The std::map consists of key std::string paired with value Arg. Arg represents the following std::variant.
using Arg = std::variant< std::monostate,
bool,
int64_t,
double,
std::string,
std::vector<std::string>,
std::ostream* >;
The return value “Result” represents the following std::variant. Item result from query returns a std::function pointer to a custom generator function.

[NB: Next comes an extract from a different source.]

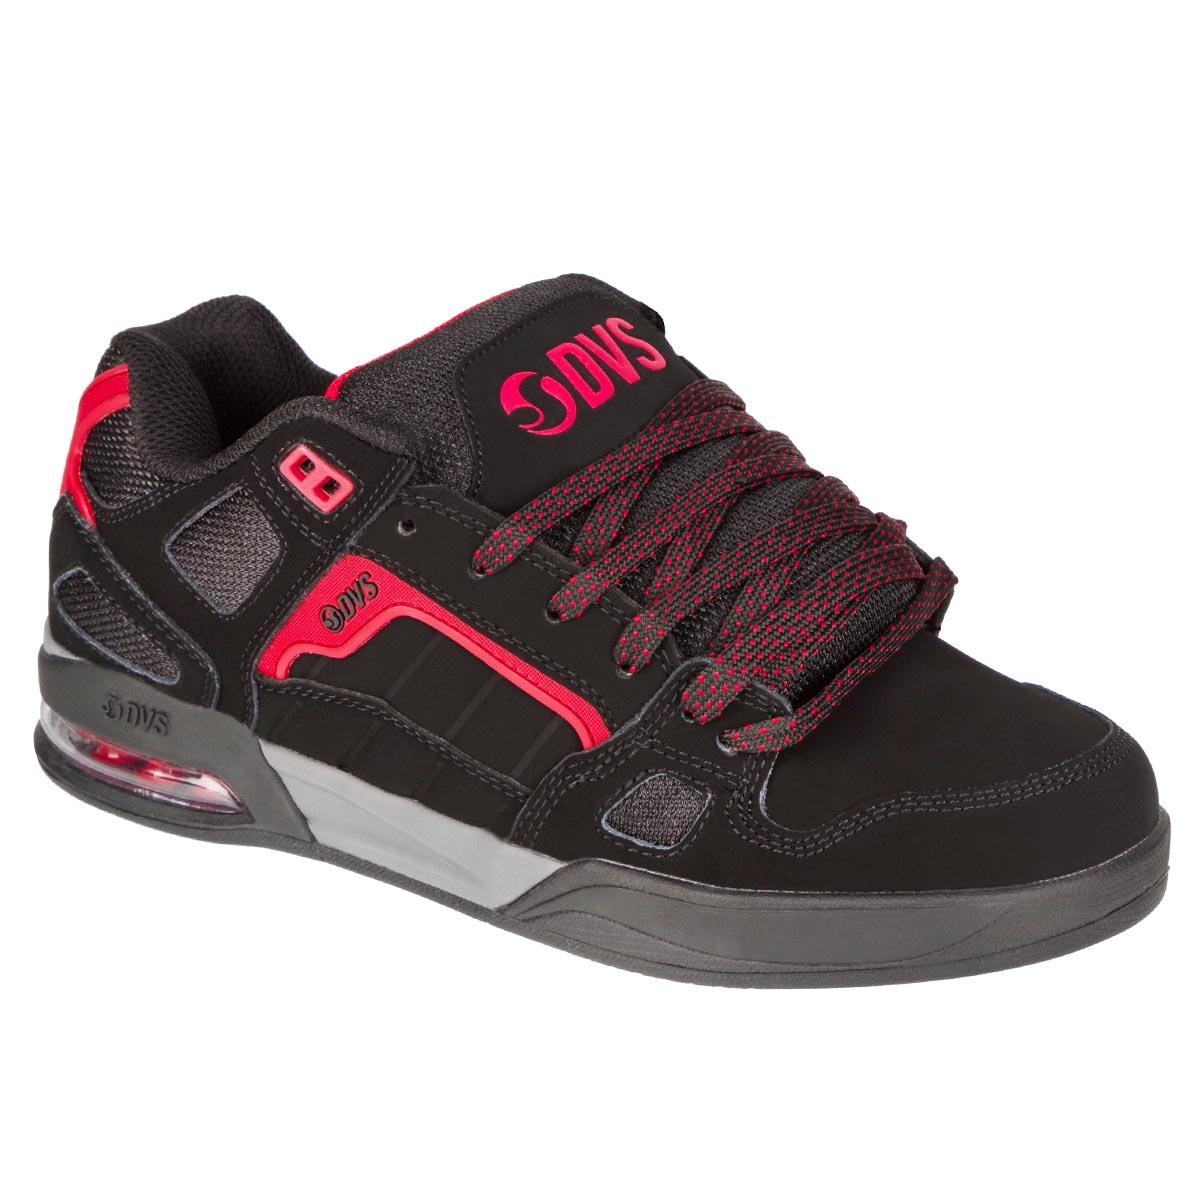 DVS Schuhe Drone+ Black Red Nubuck

using Result = std::variant<std::shared_ptr<rapidjson::Document>, Func>;
using Func = std::function<std::variant<std::monostate,
std::shared_ptr<rapidjson::Document>,
std::shared_ptr<arrow::RecordBatch>>()>;
The example below demonstrates how to receive data from the generator to the end of the data stream.
Argument |
Description |
Type |
Example |
symbols |
The security trading symbol(s) you wish to query |
std::string, or std::vector<std:: string> |
{“symbols”,std::vector<std::string>{"AAPL","GOOGL"}} |
name |
The name of the dataset |
std::string |
{“name”,"daily_bars"s} |
as _of |
This value can be any past date so that you can see the data as it was known on the “as of” date. as_of defaults to now. |
std::string Format YYYY-MM-DD HH:MM:SS (HH:MM:SS optional) |
{"as_of","2019-09-15" } |
back_to |
The date where the return dataset should begin. This is reading all the data “back to” the specified date. |
std::string Format YYYY-MM-DD HH:MM:SS (HH:MM:SS optional) |
{"back_to","2019-07-15"} |
fields |
An optional filter of field names. (There are some mandatory fields) |
std::string |
{“fields”, “volume”s} |
stats |
Set to 'total' to get count per symbol as Json result |
std::string |
{“stats”, “total”s} |
crux_key |
if querying for a Crux data set |
std::string |
{“crux_key”, “<Your Key>”} |
compress |
The data compression method on the wire. CloudQuant uses compression. |
Boolean. Always compressed_transfer |
{“compress", false} |
json_xfer |
Json transfer. This is usually False |
Boolean. Always False |
{“json_xfer”:False} |
debug_stream |
Send log info to this ostream ptr |
std::ostream* |
{"debug_stream",&std::cerr} |
warning_stream |
Send warning info to this ostream ptr |
std::ostream* |
{“warning_stream",&std::cerr} |
record_limit |
Limit number of records |
int |
{“record_limit”, 5} |
user |
The user identifier (as assigned by CloudQuant) |
std::string |
{“user”,”myUserID”} |
token |
The user’s assigned token |
std::string |
{“token”,”mypersonal-private-token”} |
Example Query stream of data as Arrow::RecordBatch
Liberator liberator;
Liberator::Result ptr;
ptr = liberator.query({
{"symbols",std::vector<std::string>{"AAPL","GOOGL"}},
{"name","daily_bars"s}
});
auto generator = *std::get_if<Liberator::Func>(&ptr);
for(auto res=generator(); res.index(); res=generator())
{
auto batch = *std::get_if<2>(&res);
(void)arrow::PrettyPrint(*batch, arrow::PrettyPrintOptions(0, 1),
&std::cout);
}